I have permanent murals in Budapest, Hungary, and Rennes, France. It is wonderful to see these projects realized, as they are also collaborations with other artists, which I enjoy. I recently visited the mural in France while lecturing at Rennes. I appreciated that the mural was still there years later and has been enjoyed by many. I have also been an active force in revitalizing my hometown of Granite City, Illinois, using the arts. I have permanent artwork there too; however, the entire downtown district has been positively affected by my efforts to engage the public and restore our once-biggest downtown using art as an economic engine. When I have the opportunity to return to my hometown, I am always delighted to see more art and positive change.

Can you please introduce the „Drawing and Time“ solo show held at Colla Super in Milan this summer?
Drawings and Time: These drawings represent points along timelines that include common facts and known histories, science, collections of stuff describing our shared world, invented fiction, and cultural myths. I am interested in subject matter that compels hope and demonstrates important values. These timelines operate using appropriate laws from science, like „The Law of Superposition,“ which is a way to tell geological time. The older information, which came first in time, is in the foreground, and the newer, more recent information is in the background. This reading can also be flipped, depending on the temporal position of the drawing’s information. Drawing traditions also lends itself to deciphering the timelines. Clarity and overlap are used to create a sense of time through distance, detail, and sharpness. In the end, the drawings frame a narrative of humanity and demonstrate information and ideas that are current and accessible to almost everyone. The drawings include those things we have in common, like origins and collections, or prime examples, and the ideas, hopes, and beliefs we share within myths, religion, science, popular culture, and our idea of place and self.

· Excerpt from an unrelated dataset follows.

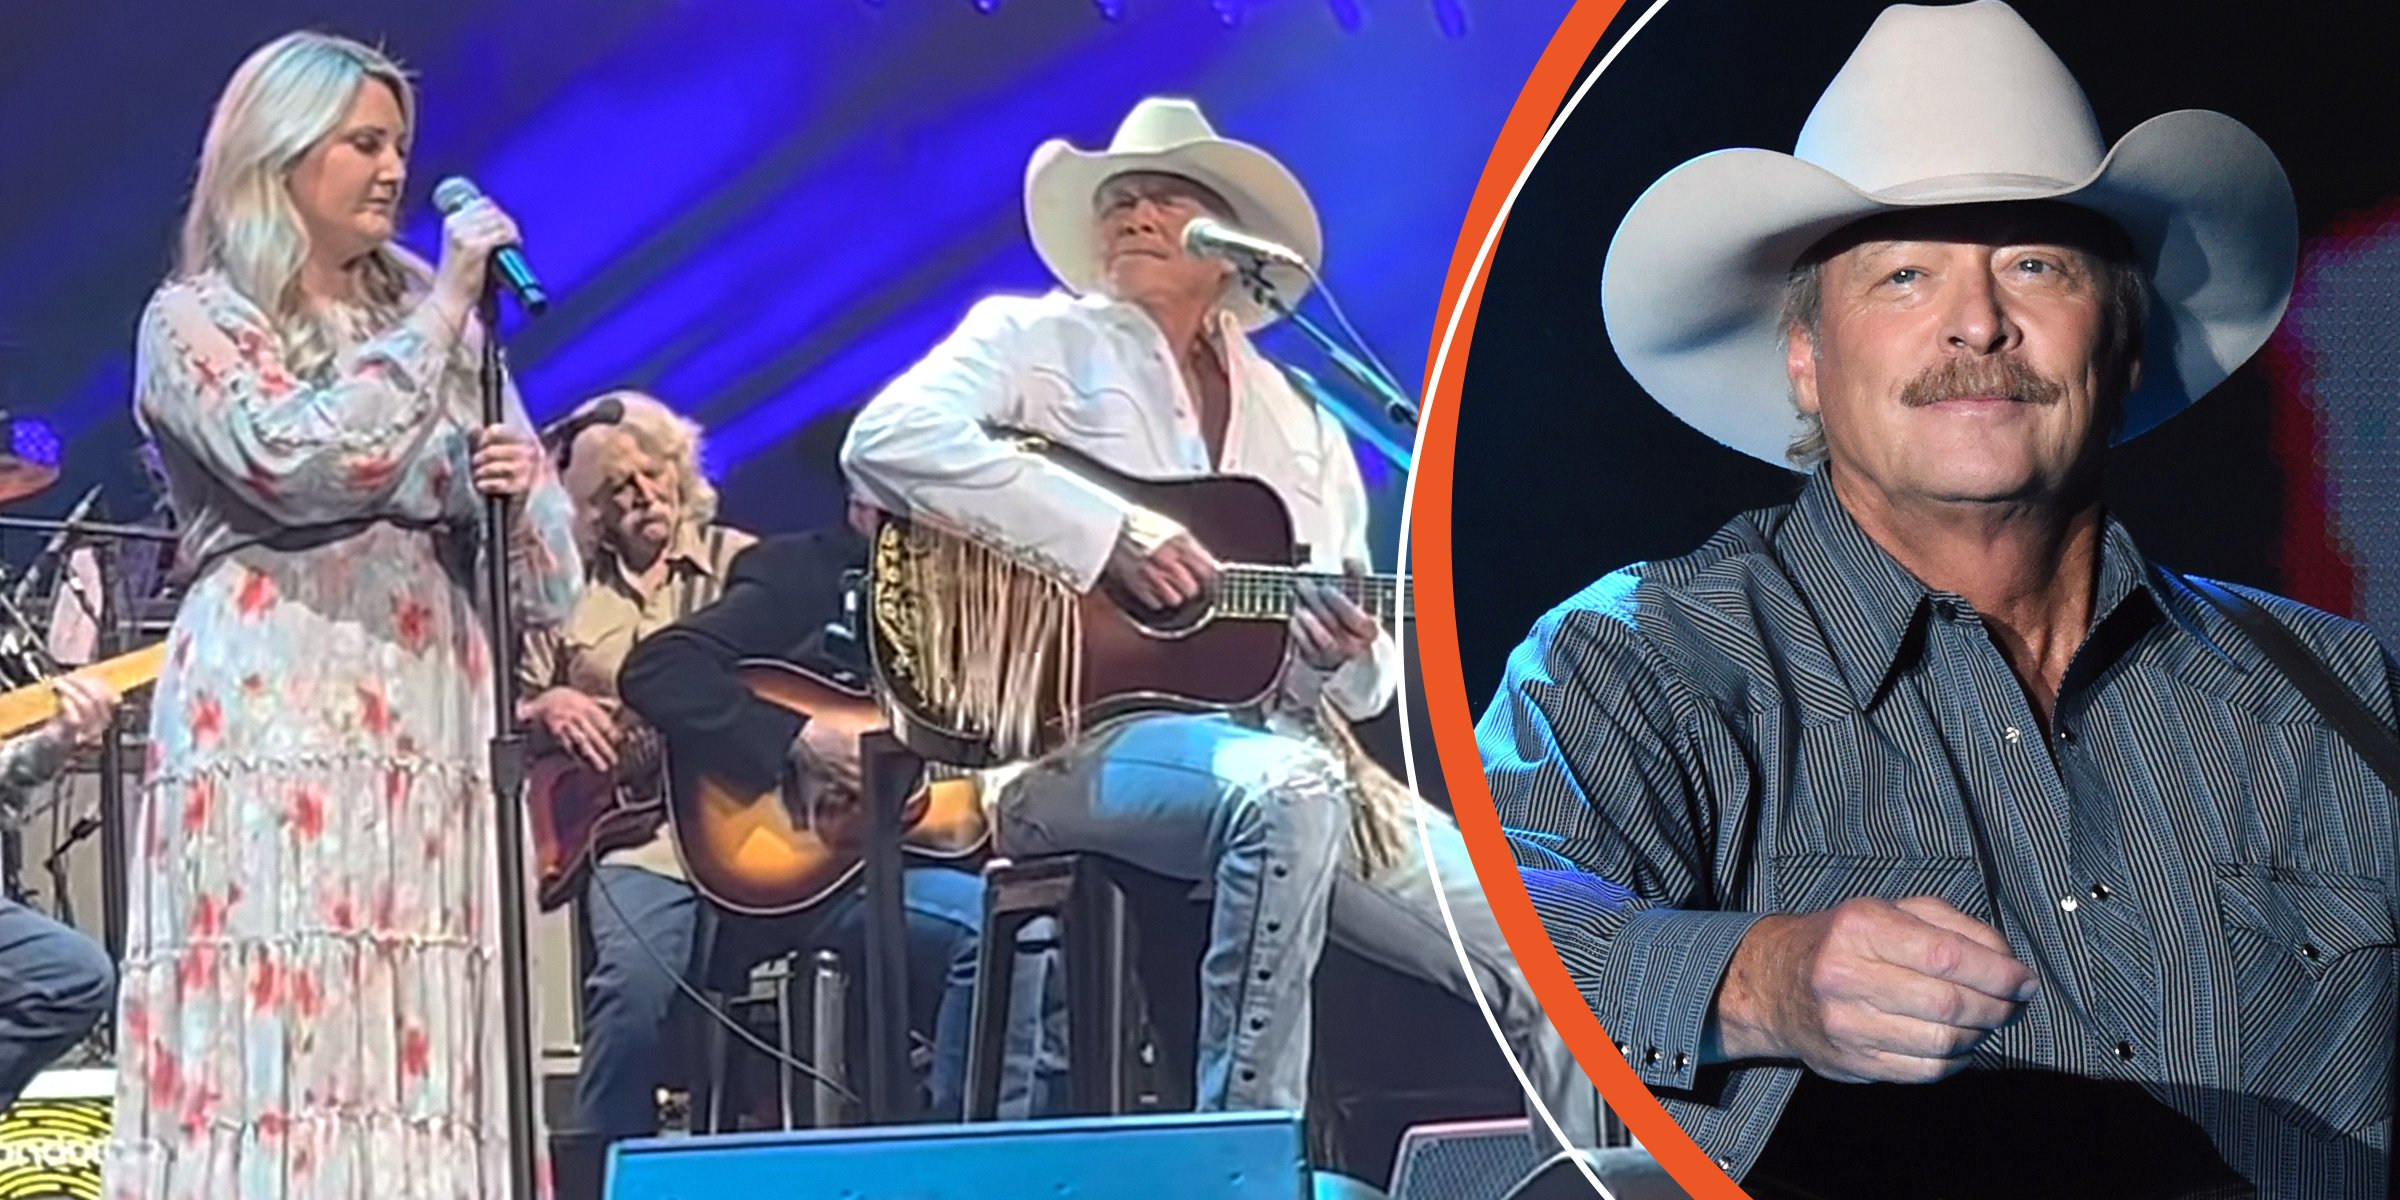 Alexandra Jane Jackson singing with ther dad Alan Jackson. | Country singer Alan Jackson.| Source: youtube.com/Roger Fregoso  Getty Images

Ron Laboray – www.ronlaboray.com


Camilla Boemio is an internationally published author, curator, and member of the AICA (International Arts Critics) and IKT (International) based in Rome. In 2013, Boemio was the co-associate curator of PORTABLE NATION: Disappearance as work in Progress – Approaches to Ecological Romanticism, the Maldives Pavilion at the 55th International art exhibition La Biennale di Venezia. In 2016, Boemio was the curator of Diminished Capacity, the first Nigerian Pavilion at 16th International art exhibition La Biennale di Venezia. Boemio’s recent curatorial projects include her role as co-associate curator at Pera + Flora + Fauna. The Story of Indigenousness and The Ownership of History, an official collateral event at the 59th International art exhibition La Biennale di Venezia, 2022 and she curated several exhibitions for Polo Museale Sapienza at Museo dell’Arte Classica and at MLAC Museo Laboratorio Arte Contemporanea, in Roma. Invitations to speak include the Tate Liverpool, MUSE Science Museum, and the Cambridge Festival 2021, at Crassh, in the UK.